SDSS J102915 172927
Espacioprofundo.es 23 agosto, 2012

Una estrella primordial que se encuentra en los bordes exteriores de nuestra galaxia, la Vía Láctea altera todas las teorías actuales sobre formación de estrellas en el universo. Esta estrella simplemente no debería existir, ya que carece de los materiales necesarios para el nacimiento de estrellas de baja masa, o al menos eso es lo que creen los astrónomos. Cuando Lorenzo Monaco del Observatorio Europeo del Sur en Chile y sus colegas examinaron la composición elemental de la estrella excéntrica, prosaicamente denominada SDSS J102915 172927, descubrieron que tiene una masa más pequeña que la del Sol, y que probablemente tenga más de 13 mil millones años edad.

“Esta estrella tiene la composición más cercana, que se ha encontrado hasta ahora, a la existente en las estrellas nacidas poco tiempo después del Big Bang”, explico Piercarlo Bonifacio del Observatorio de París, Francia.

La baja concentración de elementos químicos más pesados que el hidrógeno y el helio sugiere que es la estrella más primitiva que se haya descubierto, sin embargo, la relación exacta de estos elementos más pesados sugiere que es más joven. Mucho, mucho más joven.

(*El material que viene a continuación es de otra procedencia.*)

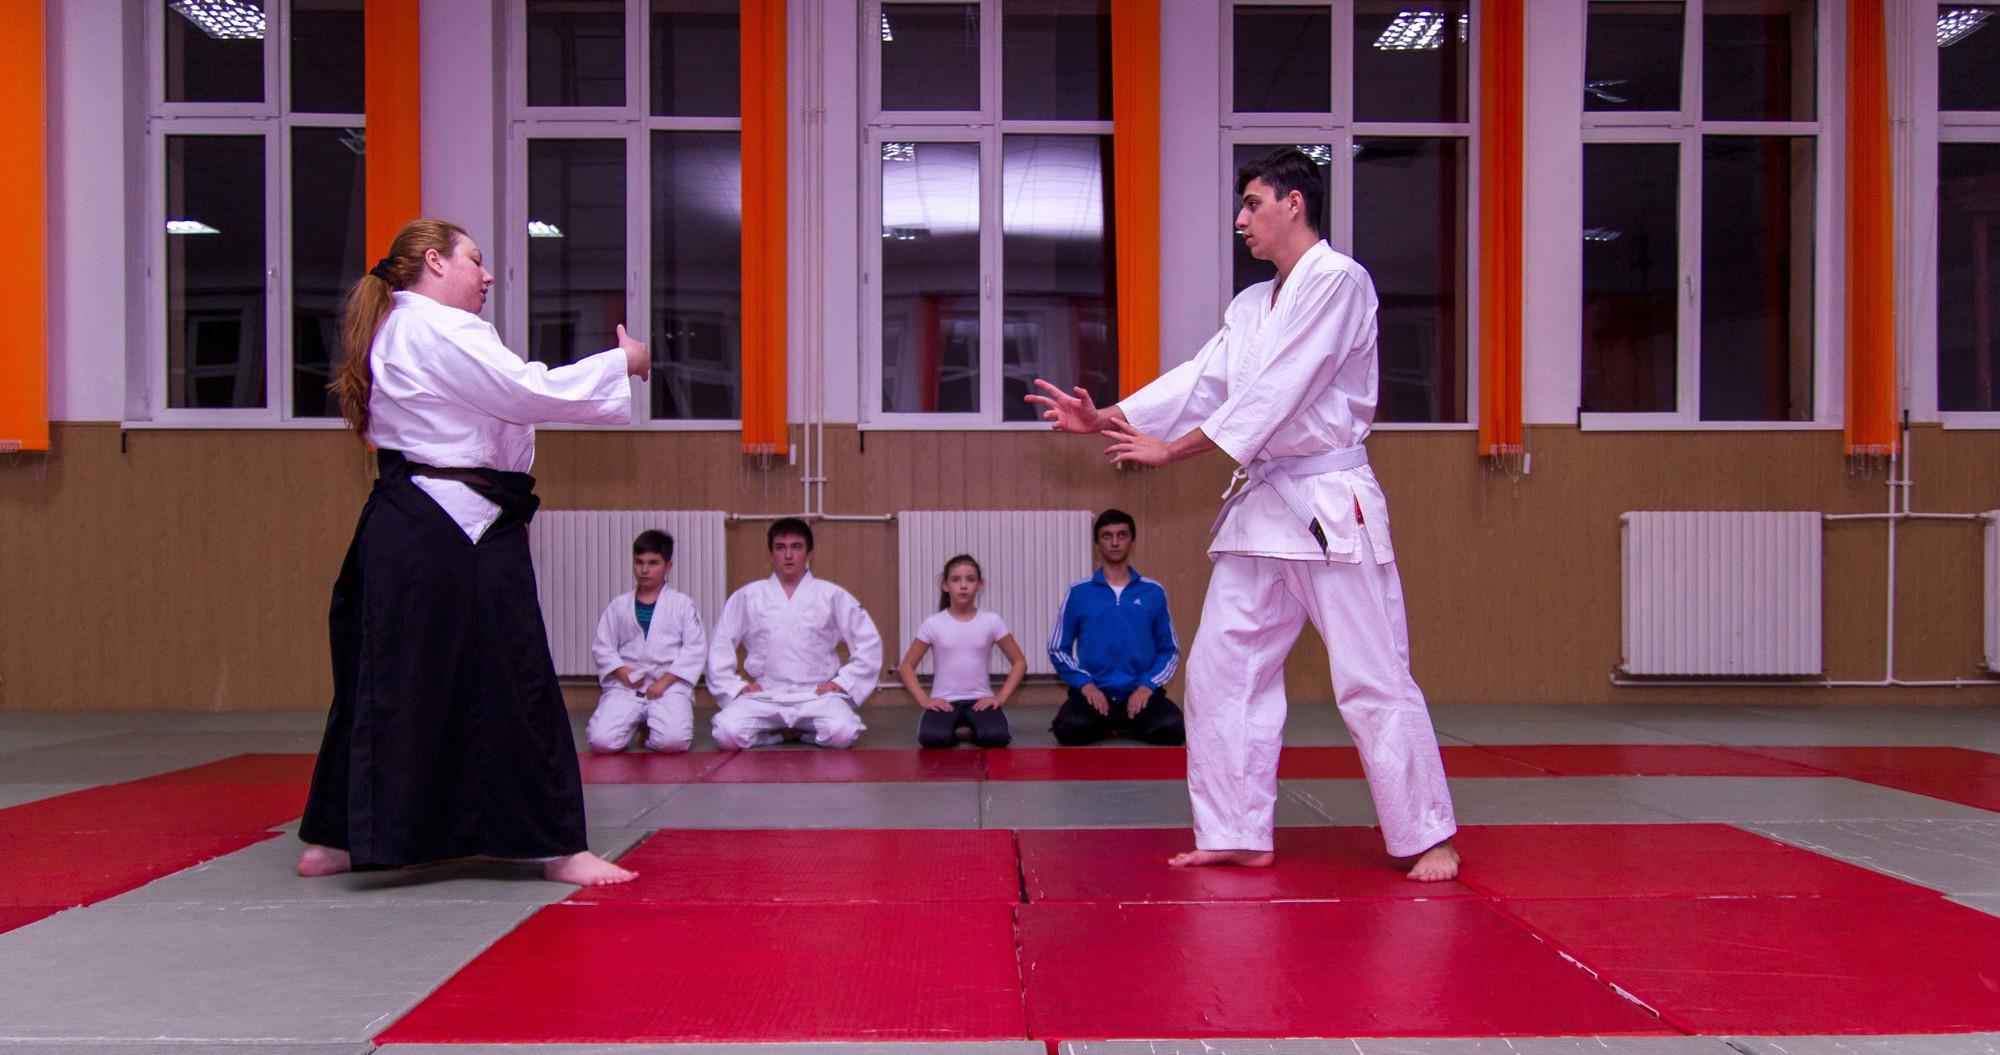 Japanese culture influences Bucharest's life

“En cierto sentido, es una estrella perfectamente normal, pero es diferente porque tiene una metalicidad muy baja”, dice Mónaco. La relación entre la edad de una estrella y su composición elemental es debido a la forma en que evolucionó universo primitivo.

Se cree que las primeras estrellas se crearon al condensarse los materiales existentes en la sopa primordial dejada por el Big Bang y que solamente contenía Hidrógeno y Helio, así como leves trazas de litio. La mayoría de estas estrellas eran auténticos gigantes, decenas de veces más masivas que el Sol, que explotaron como supernovas poco tiempo después de su nacimiento, creando y diseminando por el universo elementos más pesados, desde el carbono al hierro, elementos que fueron incorporados a las generaciones posteriores de estrellas. Este proceso se repitió una y otra vez, con las nuevas generaciones de estrellas más pequeñas que adquieren mayor porcentaje de estos elementos más pesados, es como eventualmente se formo nuestro Sol.

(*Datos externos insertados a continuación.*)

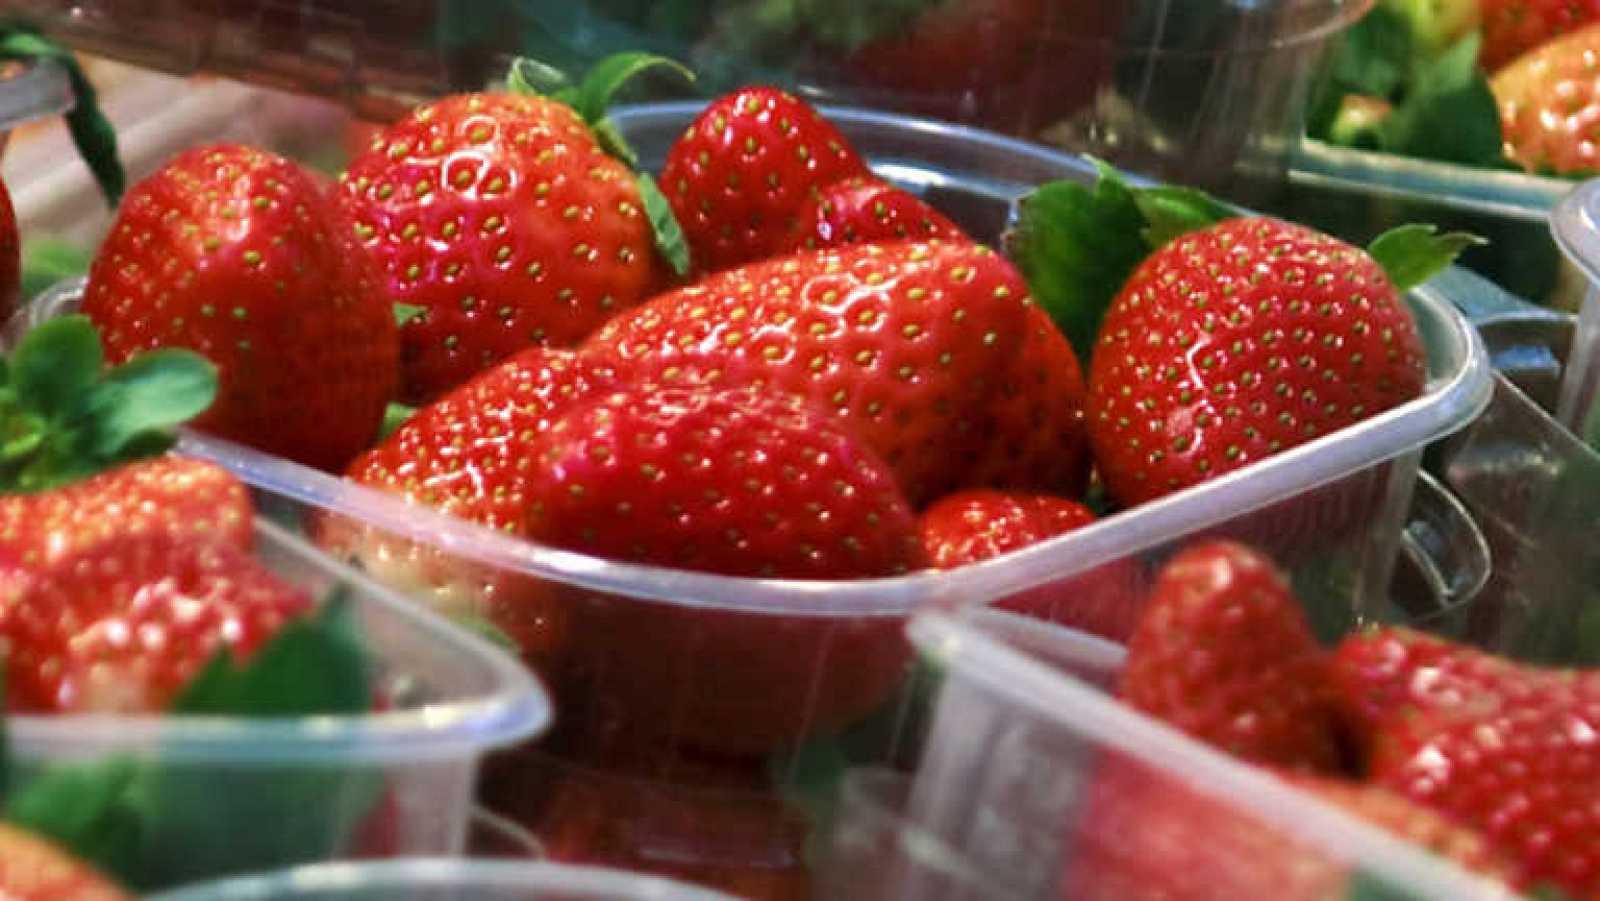 Un país para comérselo - Huelva. Strawberry Fields y un poquito de jamón - ver ahora

Hasta ahora, todo lo que observaban los astrónomos en el universo parecía indicar que esta teoría era correcta, y aunque los astrónomos han encontrado sólo tres estrellas con cantidades muy bajas de elementos más pesados, estas tenían muy poca masa, donde el oxígeno y el carbono dominaban las trazas de elementos más pesados, indicando que estas estrellas alcanzaron el umbral necesario de carbono-oxígeno para formar una estrella de baja masa, a pesar de tener una muy baja concentración de elementos más pesados.

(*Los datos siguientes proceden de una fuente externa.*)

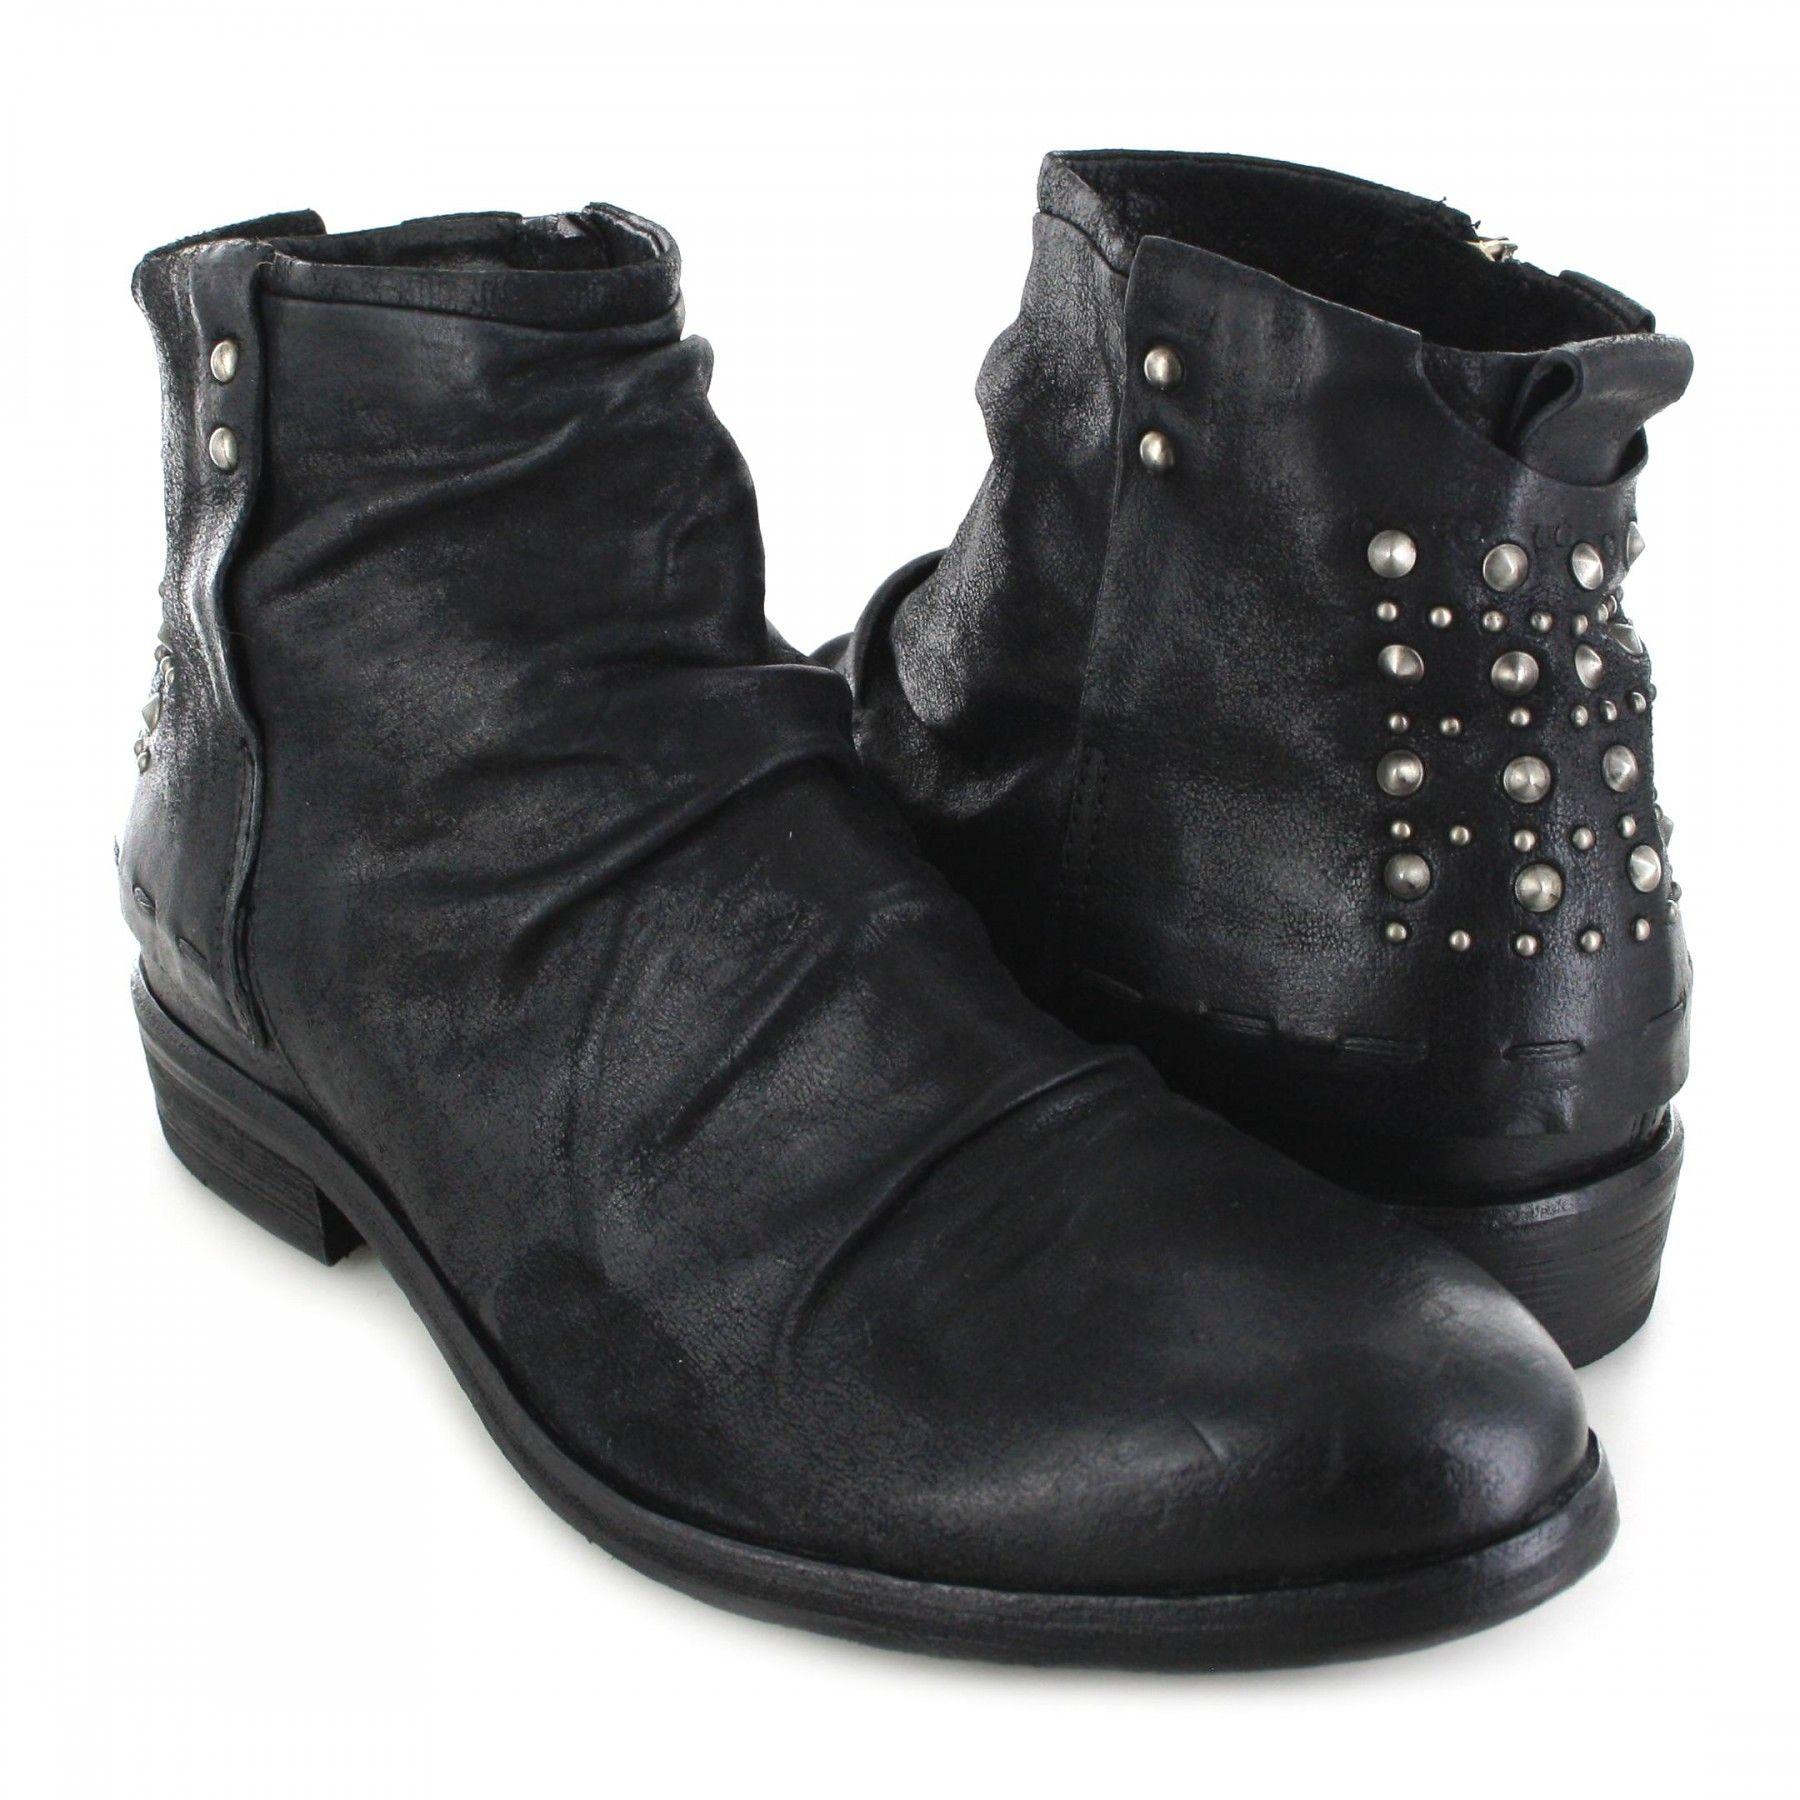 Schwarz Stiefelette 98 Fashion A s Nero Mason 390204 TclFJK1

Pero SDSS J102915 172927 es diferente y plantea un nuevo reto: está compuesta casi por completo por hidrógeno y helio, similar a las existentes durante los comienzos del universo. Cuando Mónaco y sus colegas utilizaron dos espectrógrafos en el Very Large Telescope en Chile para examinar su composición elemental, dándose cuenta que tenía el menor contenido de elementos más pesados encontrado hasta ahora.

El oxígeno y el carbono no alcanzan los niveles mínimos necesarios para crear una estrella de baja masa, por lo que, según las teorías, esta estrella no debería existir.